Google struck a deal to remove carbon dioxide from the atmosphere at a bargain price: $100 per tonne of CO₂, a price that climate tech startups around the world are seeking because it makes solutions commercially viable.

Image source: theholocene.co

The search giant has entered into an agreement with Holocene, a startup with a short history that has already attracted some big-name investors. If Holocene can indeed capture carbon dioxide from the air at a cost significantly lower than competitors that currently charge $600 or more per ton for the service, there will be evidence that technology exists that can help combat climate change as well. But the project is still in its early stages, and the carbon pollution Google creates continues to grow.

When Holocene co-founder and CEO Anca Timofte was in business school at Stanford, she came across Oak Ridge National Laboratory research on a new chemistry for capturing CO₂ from the air—it laid the foundation for the technology the company uses today. Holocene launched in 2022 and has now attracted funding from the US Department of Energy, Elon Musk’s Xprize Carbon Removal company, and Bill Gates’ climate investment firm Breakthrough Energy. Timofte and her fellow co-founder previously worked at Climeworks, an early carbon capture company. Today it is a major player in this area, which cooperates, in particular, with Microsoft and JPMorgan Chase. By 2030, Climeworks aims to bring the cost of capturing carbon dioxide from the air to $250 to $350 per ton, above the Energy Department’s $100 threshold at which the technology becomes financially feasible.

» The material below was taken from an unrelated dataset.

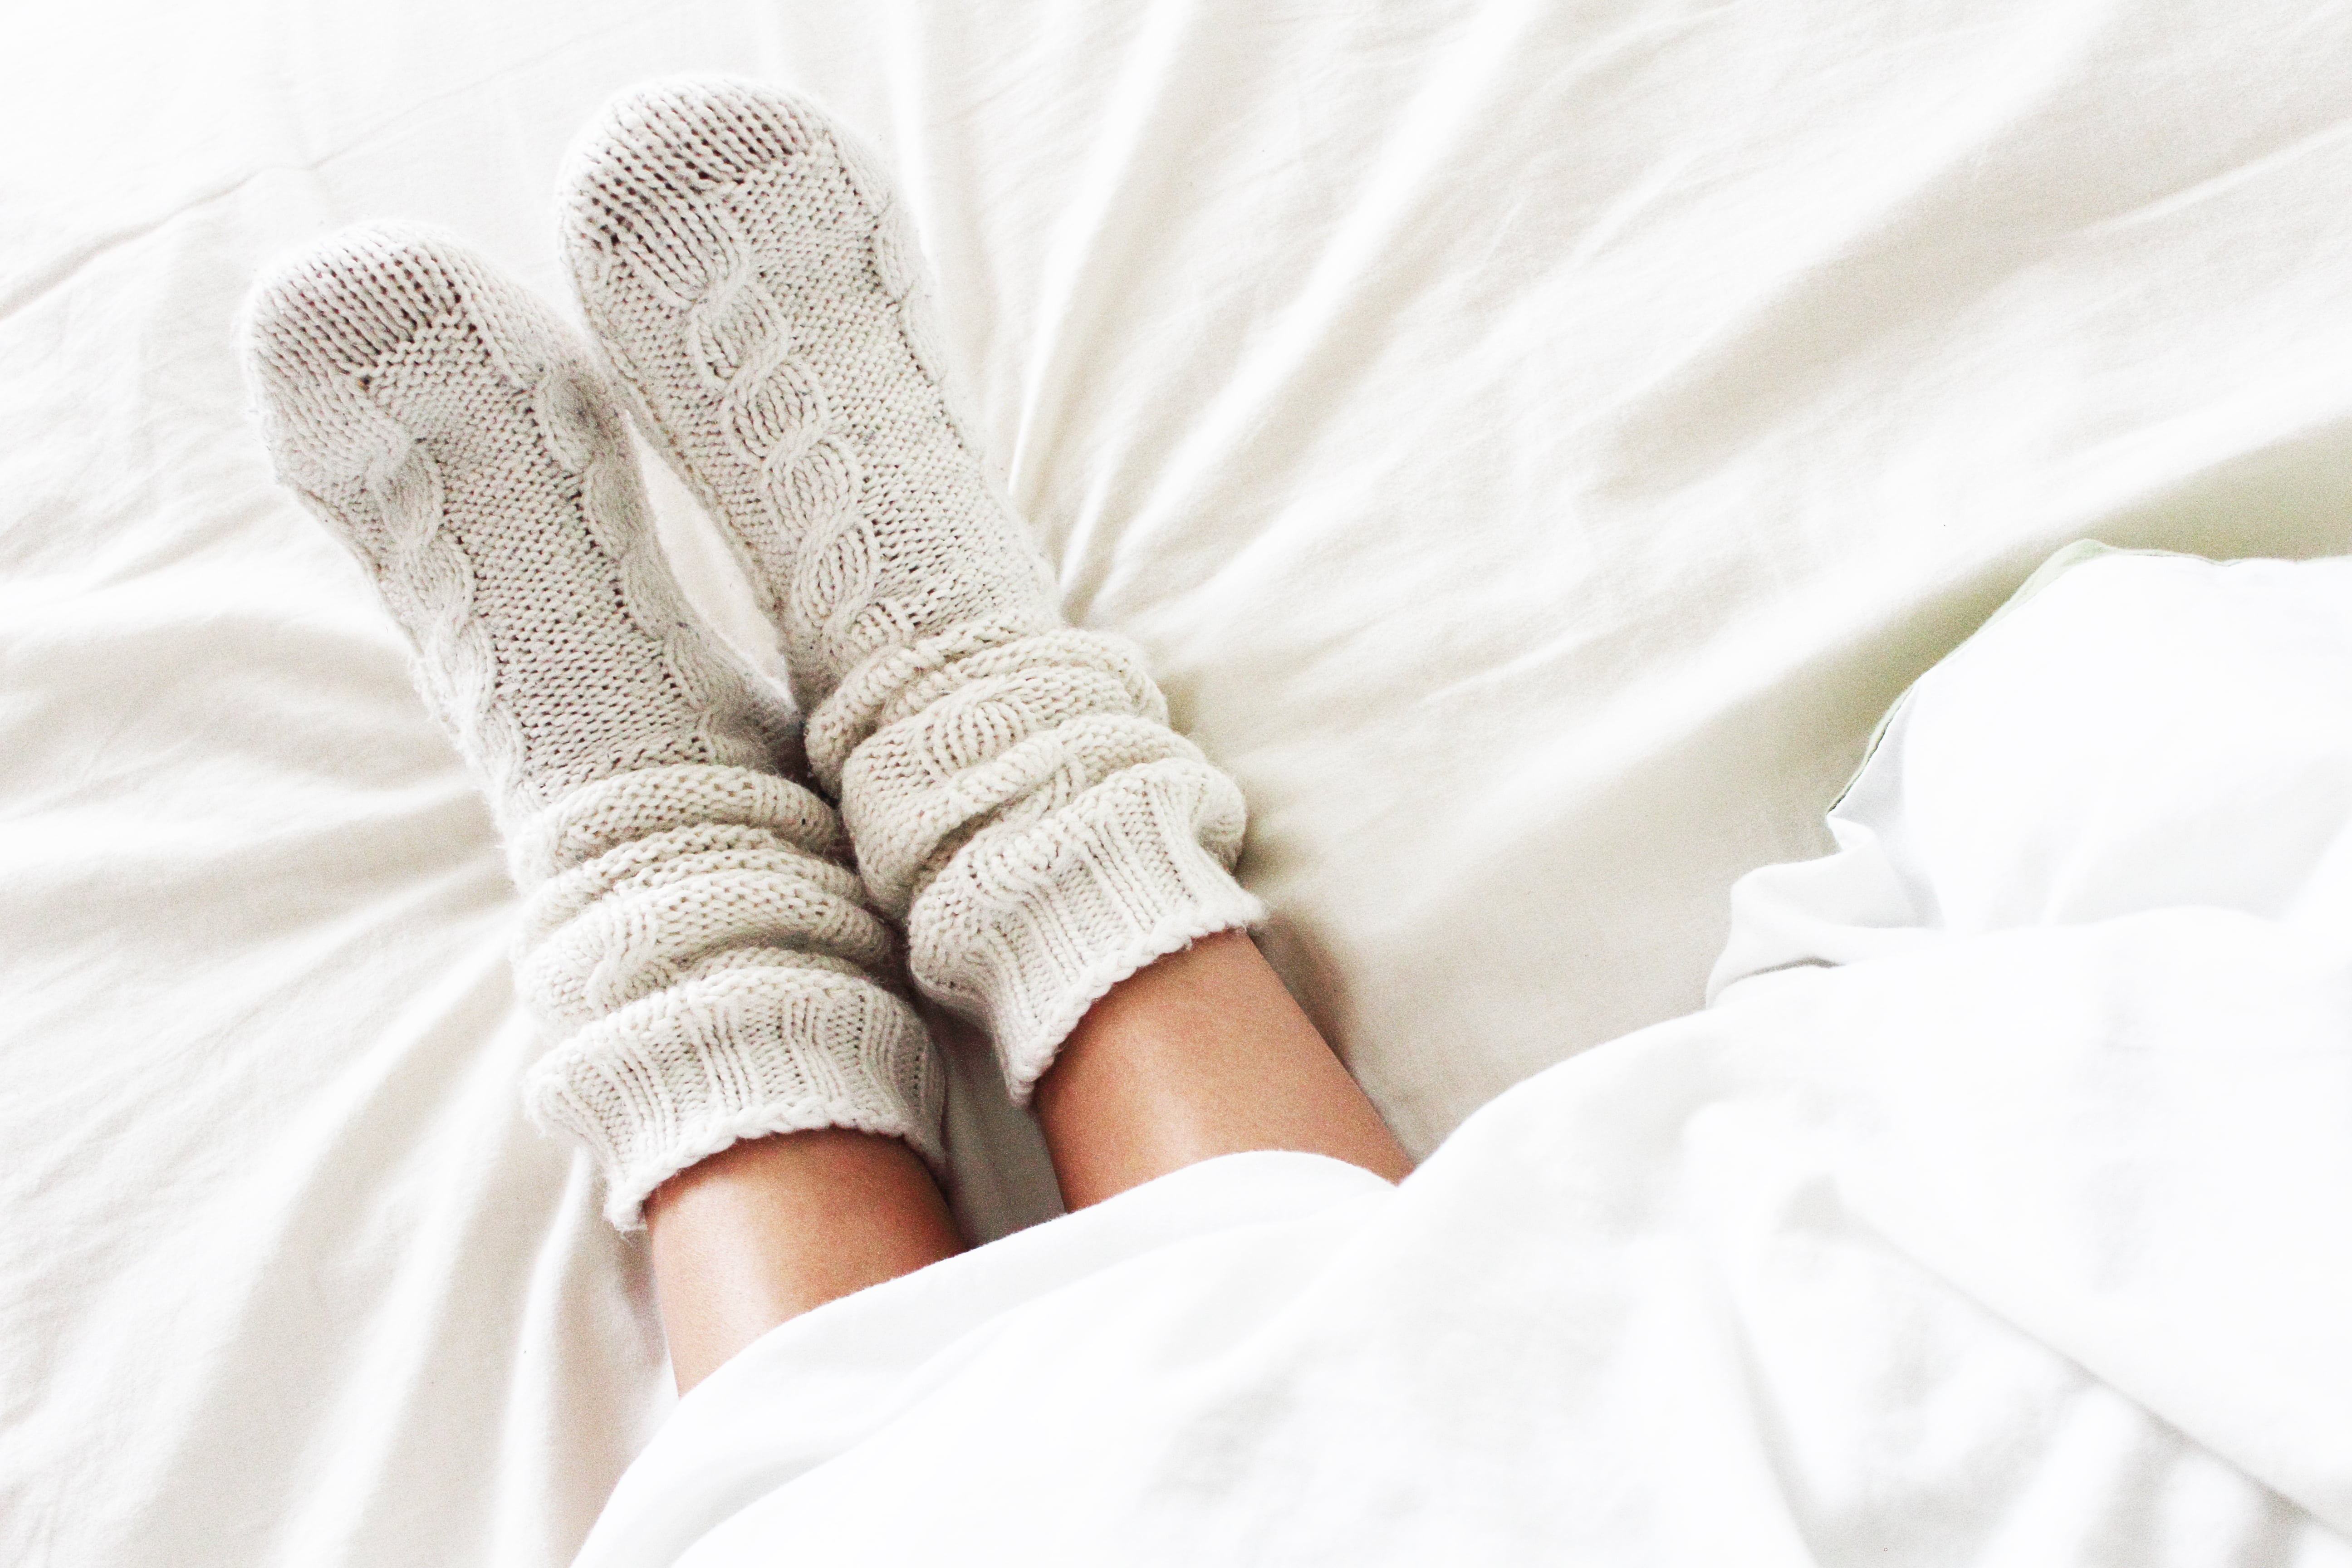 Trucos para dormir sin pasar frio (ni calor) en la cama

Holocene says its technology is more efficient than others because it involves two continuous chemical cycles: the first to extract CO₂ from the air, the second to supply a clean stream of carbon dioxide that can be transferred to underground storage facilities. During the first cycle, air is passed through water, which contains amino acids that attract CO₂. Next, guanidine is added to the mixture, which reacts with CO₂ to form a solid crystal. The solids are separated from the liquid and the liquid is heated to 70–100°C to release a concentrated stream of greenhouse gases. By comparison, Climeworks works with solid filters that capture carbon dioxide from the air and release it when heated – in other words, this method involves only one material that requires you to stop loading before starting unloading, while the Holocene solution allows you to do everything at the same time.

Now Holocene has only one small pilot plant in Knoxville (USA, Tennessee) – per year it is capable of capturing only 10 tons of CO₂ from the air. By 2032, the company, according to the deal with Google, will have to extract 100 thousand tons of gas. The search giant has already paid a “significant portion” of the total $10 million upfront to help make the partner’s plans a reality. At the next stage, Holocene will build an installation that will remove 5,000 tons of greenhouse gas per year, and then a commercial installation will appear that will extract 500 thousand tons. So far, 27 installations are operating around the world with a total capacity of only 10 thousand tons per year . A capacity of 100 thousand tons is approximately equivalent to the removal of 20 thousand cars with internal combustion engines from public roads – while Google itself, due to the introduction of energy-intensive artificial intelligence systems, produced 14.3 million tons of carbon dioxide last year.